● **RECORD SET**
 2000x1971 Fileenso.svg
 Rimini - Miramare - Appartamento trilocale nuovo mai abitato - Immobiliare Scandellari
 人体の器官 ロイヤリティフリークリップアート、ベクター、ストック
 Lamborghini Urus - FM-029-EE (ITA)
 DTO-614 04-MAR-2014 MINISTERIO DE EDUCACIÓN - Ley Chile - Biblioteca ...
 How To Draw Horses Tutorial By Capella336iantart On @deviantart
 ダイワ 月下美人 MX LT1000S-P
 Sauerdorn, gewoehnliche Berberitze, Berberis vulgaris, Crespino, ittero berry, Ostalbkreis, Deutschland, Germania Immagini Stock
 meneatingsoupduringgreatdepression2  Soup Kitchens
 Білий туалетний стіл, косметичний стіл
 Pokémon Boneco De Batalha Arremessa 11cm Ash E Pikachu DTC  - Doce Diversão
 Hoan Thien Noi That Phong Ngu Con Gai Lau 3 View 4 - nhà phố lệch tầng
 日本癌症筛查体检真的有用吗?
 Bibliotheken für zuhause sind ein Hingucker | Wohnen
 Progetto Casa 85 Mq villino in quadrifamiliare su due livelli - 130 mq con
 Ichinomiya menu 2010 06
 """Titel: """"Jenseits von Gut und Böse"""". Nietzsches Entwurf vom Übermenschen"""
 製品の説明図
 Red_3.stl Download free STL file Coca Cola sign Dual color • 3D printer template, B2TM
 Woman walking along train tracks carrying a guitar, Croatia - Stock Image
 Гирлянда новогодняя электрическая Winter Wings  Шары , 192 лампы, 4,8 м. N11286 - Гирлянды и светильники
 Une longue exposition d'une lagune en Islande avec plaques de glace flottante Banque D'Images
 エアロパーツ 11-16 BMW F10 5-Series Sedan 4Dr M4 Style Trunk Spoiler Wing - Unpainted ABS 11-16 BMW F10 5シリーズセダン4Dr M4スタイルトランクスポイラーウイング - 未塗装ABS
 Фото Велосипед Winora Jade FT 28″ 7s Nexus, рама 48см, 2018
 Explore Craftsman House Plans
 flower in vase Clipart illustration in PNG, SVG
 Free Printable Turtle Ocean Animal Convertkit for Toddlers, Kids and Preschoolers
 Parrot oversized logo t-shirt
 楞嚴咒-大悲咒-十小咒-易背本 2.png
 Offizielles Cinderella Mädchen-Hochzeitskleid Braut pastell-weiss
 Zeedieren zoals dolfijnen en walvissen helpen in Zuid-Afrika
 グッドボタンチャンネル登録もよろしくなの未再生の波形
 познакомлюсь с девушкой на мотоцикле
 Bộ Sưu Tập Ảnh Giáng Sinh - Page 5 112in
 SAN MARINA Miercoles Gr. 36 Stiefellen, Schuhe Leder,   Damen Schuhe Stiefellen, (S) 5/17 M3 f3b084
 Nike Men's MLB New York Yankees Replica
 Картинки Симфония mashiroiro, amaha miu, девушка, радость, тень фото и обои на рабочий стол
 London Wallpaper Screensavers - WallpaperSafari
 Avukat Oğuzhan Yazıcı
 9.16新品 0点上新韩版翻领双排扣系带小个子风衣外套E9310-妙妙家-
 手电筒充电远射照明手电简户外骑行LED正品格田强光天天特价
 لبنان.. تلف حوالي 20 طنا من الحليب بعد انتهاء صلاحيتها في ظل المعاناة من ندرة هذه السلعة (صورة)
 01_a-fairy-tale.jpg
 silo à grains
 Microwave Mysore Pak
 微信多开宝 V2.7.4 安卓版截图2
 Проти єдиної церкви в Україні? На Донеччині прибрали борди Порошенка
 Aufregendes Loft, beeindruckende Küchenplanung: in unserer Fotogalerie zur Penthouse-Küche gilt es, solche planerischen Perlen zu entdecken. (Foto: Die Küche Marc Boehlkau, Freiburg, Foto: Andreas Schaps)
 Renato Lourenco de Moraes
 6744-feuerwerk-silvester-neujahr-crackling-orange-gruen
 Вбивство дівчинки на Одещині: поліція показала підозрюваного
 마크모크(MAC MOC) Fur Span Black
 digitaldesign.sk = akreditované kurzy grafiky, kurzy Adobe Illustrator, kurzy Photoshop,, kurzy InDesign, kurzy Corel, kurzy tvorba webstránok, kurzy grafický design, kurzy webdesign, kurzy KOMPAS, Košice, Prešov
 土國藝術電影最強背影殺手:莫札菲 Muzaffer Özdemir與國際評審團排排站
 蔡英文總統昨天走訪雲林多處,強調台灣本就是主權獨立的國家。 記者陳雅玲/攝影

● **ASSIGNMENT**
Pick every line of the data that includes the string "Stock".

● **ANSWER TO THE PROBLEM**
 Sauerdorn, gewoehnliche Berberitze, Berberis vulgaris, Crespino, ittero berry, Ostalbkreis, Deutschland, Germania Immagini Stock
 Woman walking along train tracks carrying a guitar, Croatia - Stock Image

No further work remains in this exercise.